» **ABOUT THIS TASK**
With pictures omitted, restate the data word for word.

» **COLLECTED DATA**
+ + + +

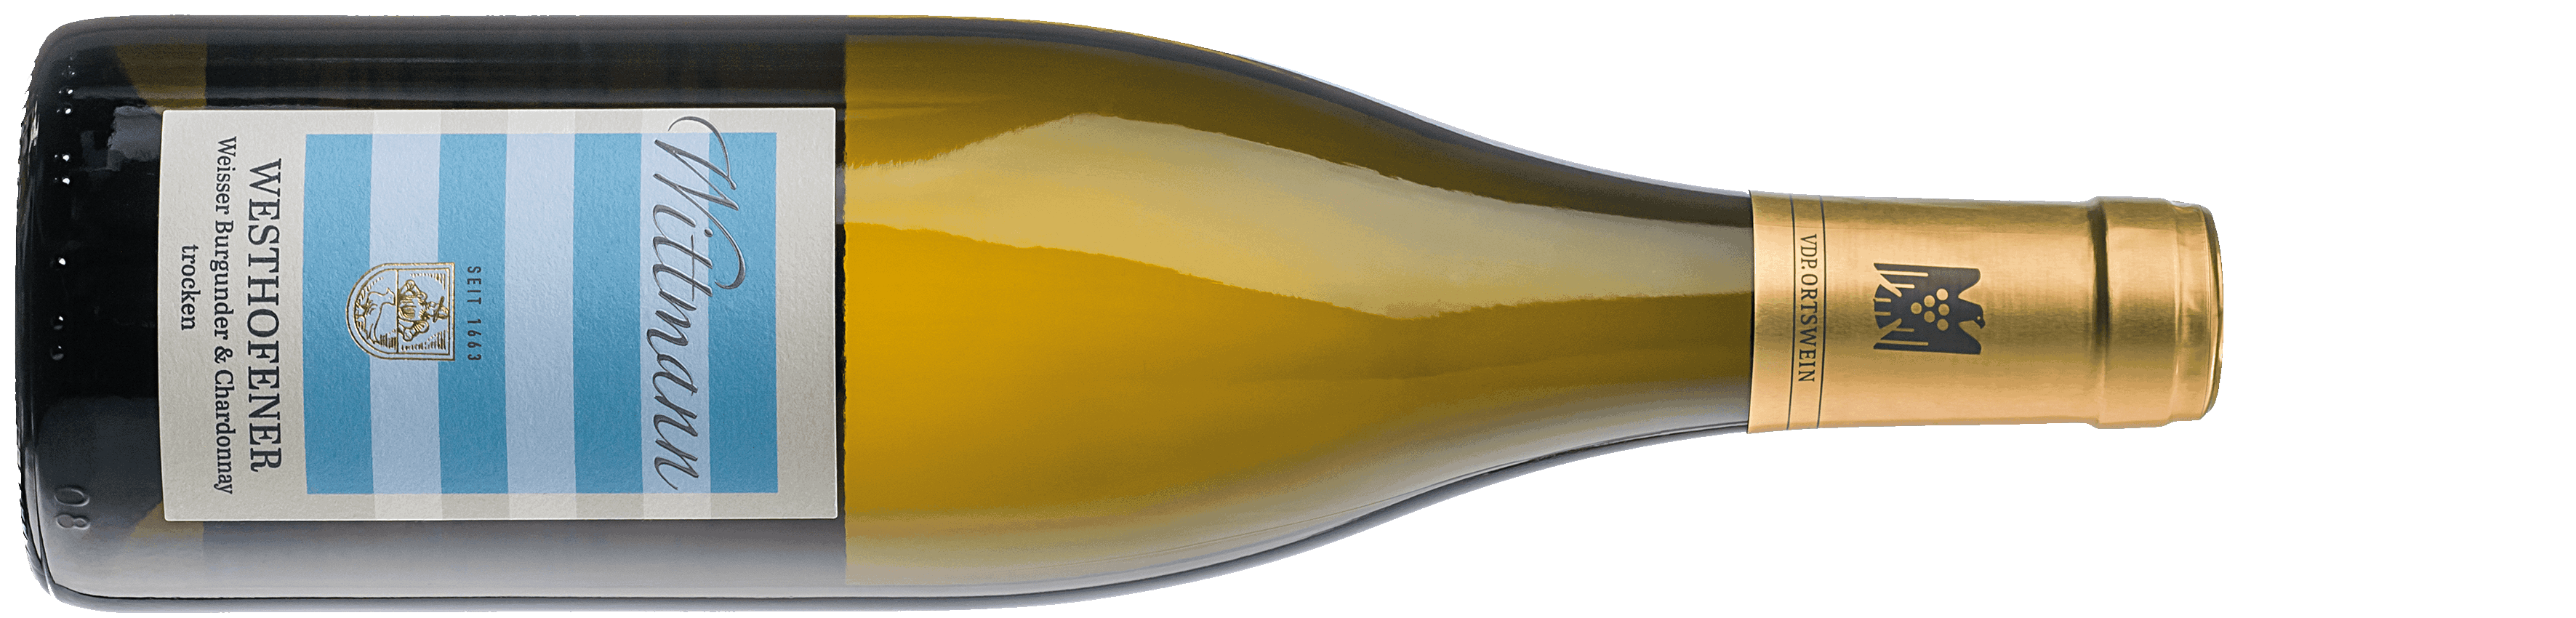 Westhofener Weisser Burgunder & Chardonnay
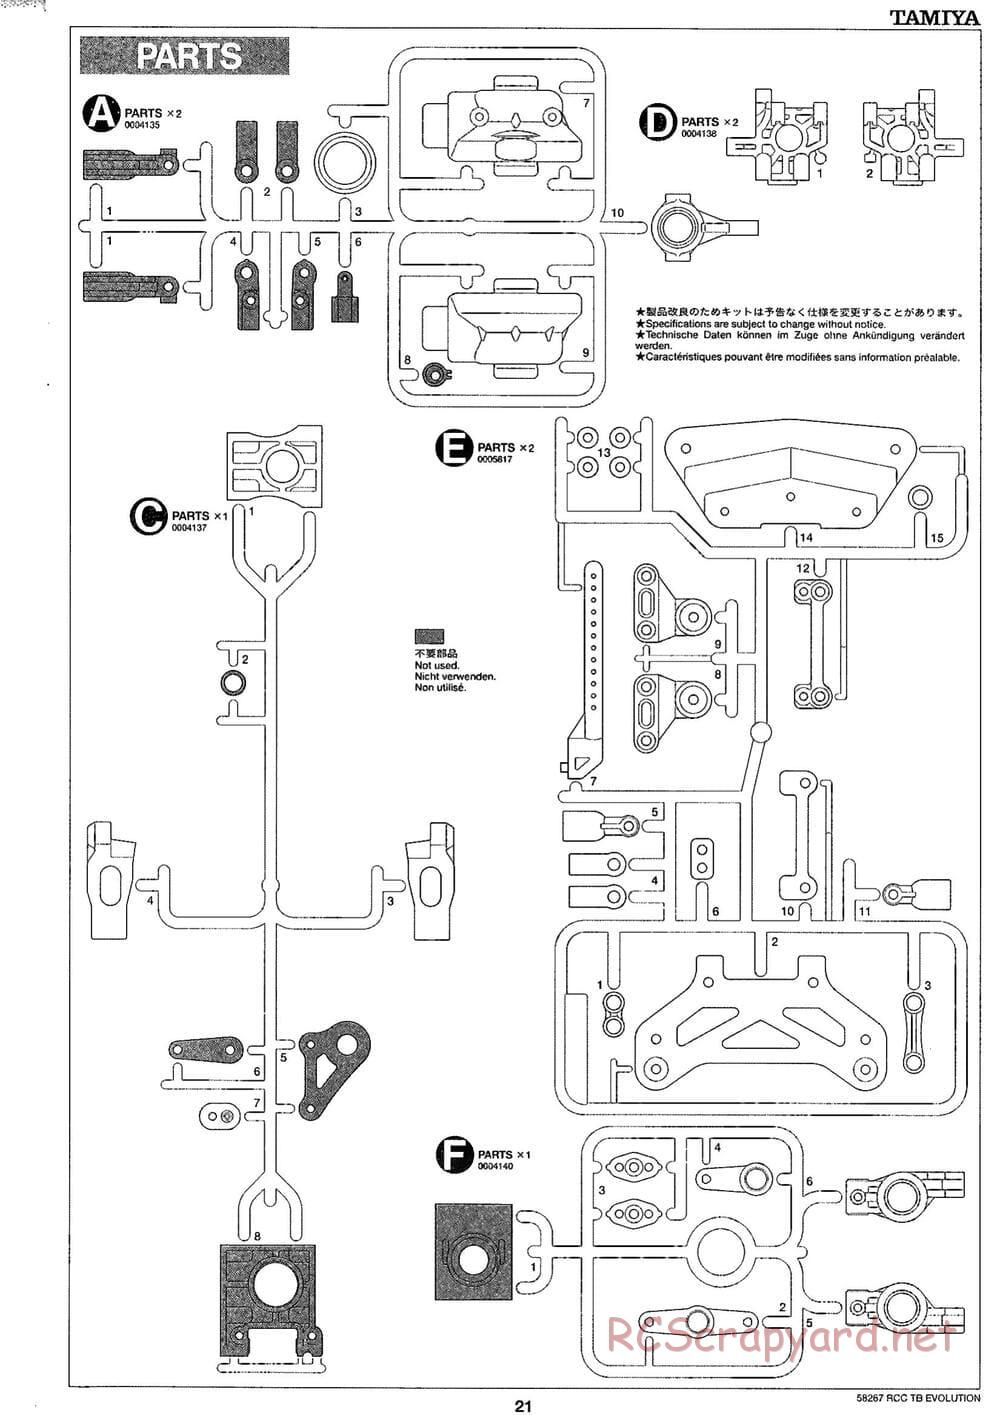 Tamiya - TB Evolution Chassis - Manual - Page 21
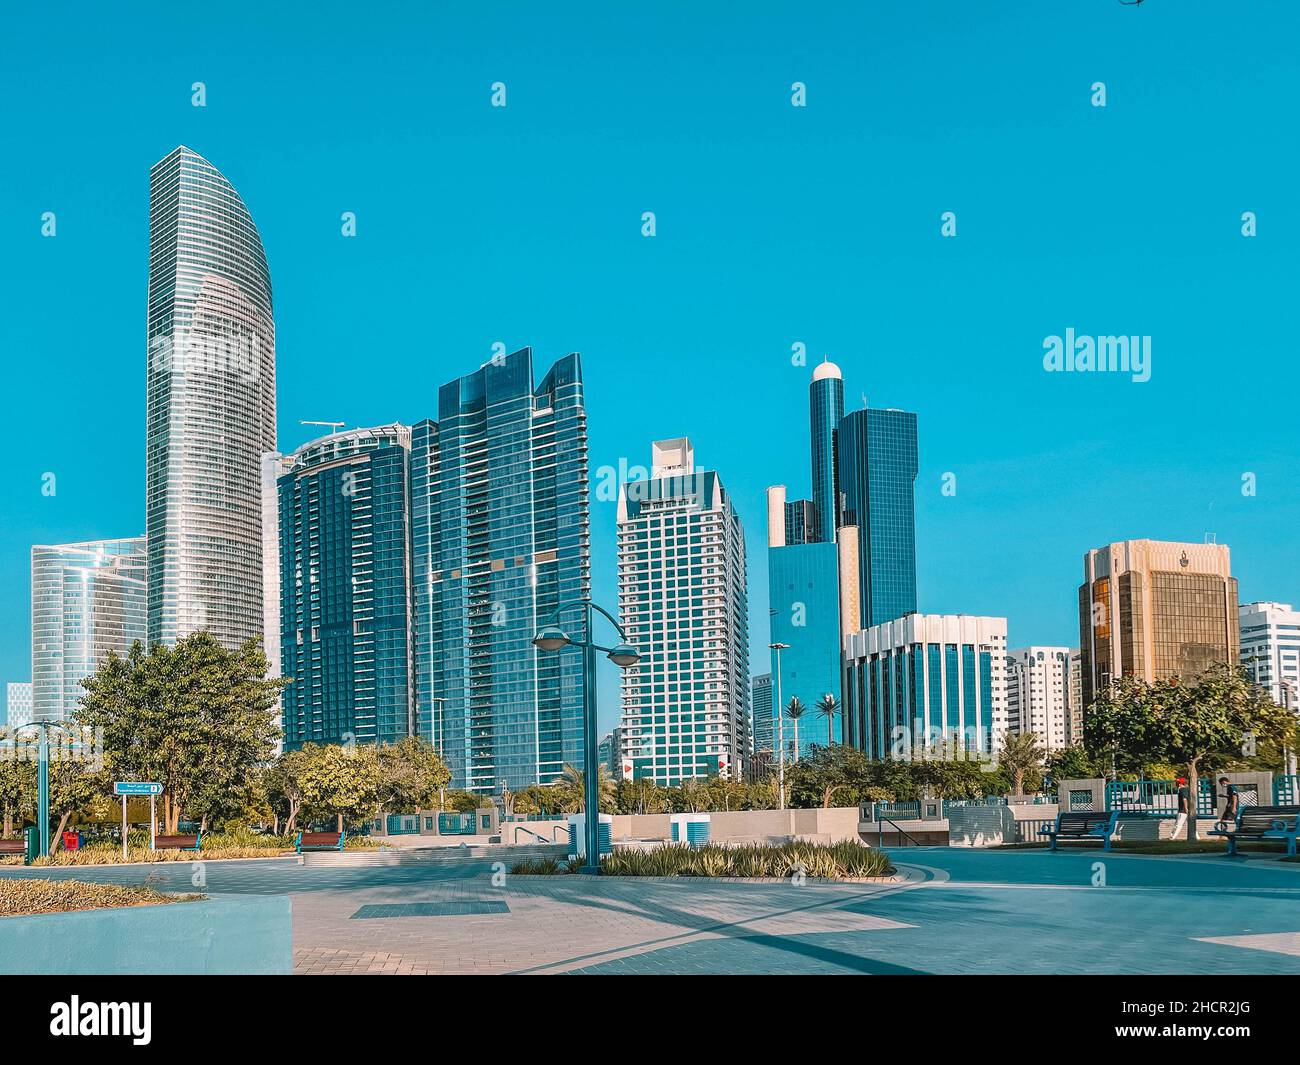 Centro de la ciudad de Abu Dhabi (EAU): Carretera y playa de Abu Dhabi, torres emblemática Foto de stock
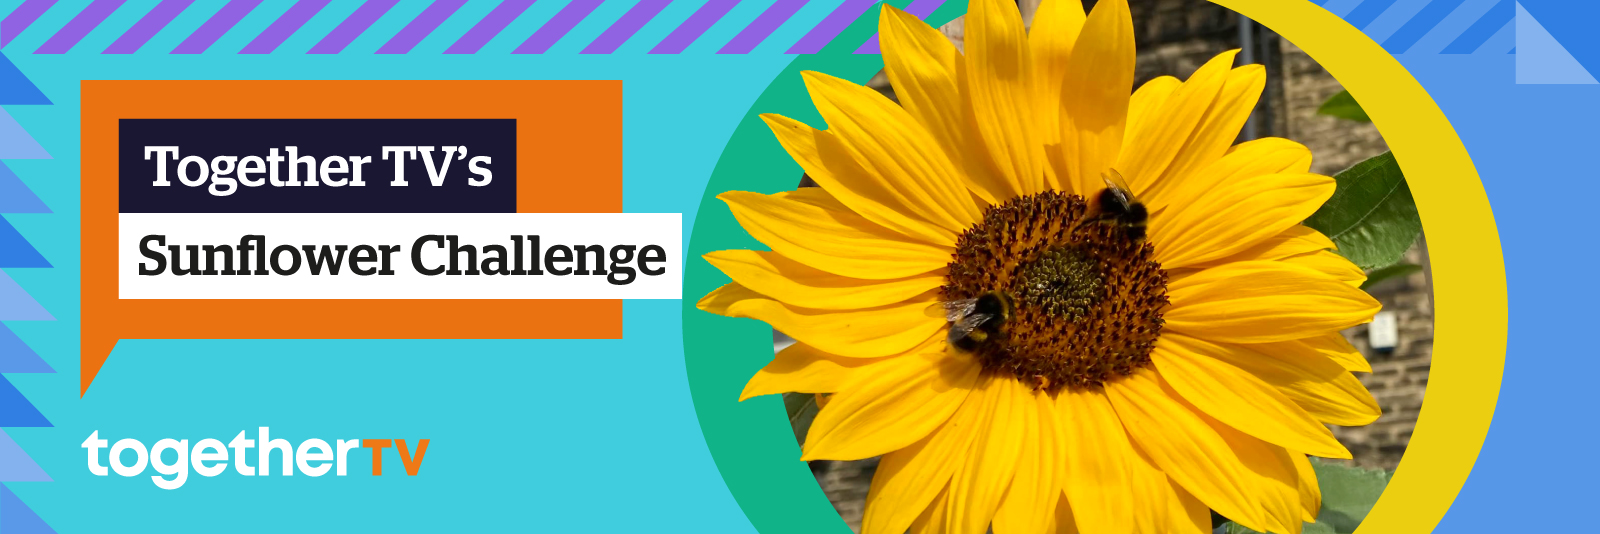 Sunflower Challenge header image

+ + + +

» **TASK SOLUTION**
 Westhofener Weisser Burgunder & Chardonnay
 Tamiya - TB Evolution Chassis - Manual - Page 21
 Centro de la ciudad de Abu Dhabi (EAU): Carretera y playa de Abu Dhabi, torres emblemática Foto de stock
 Sunflower Challenge header image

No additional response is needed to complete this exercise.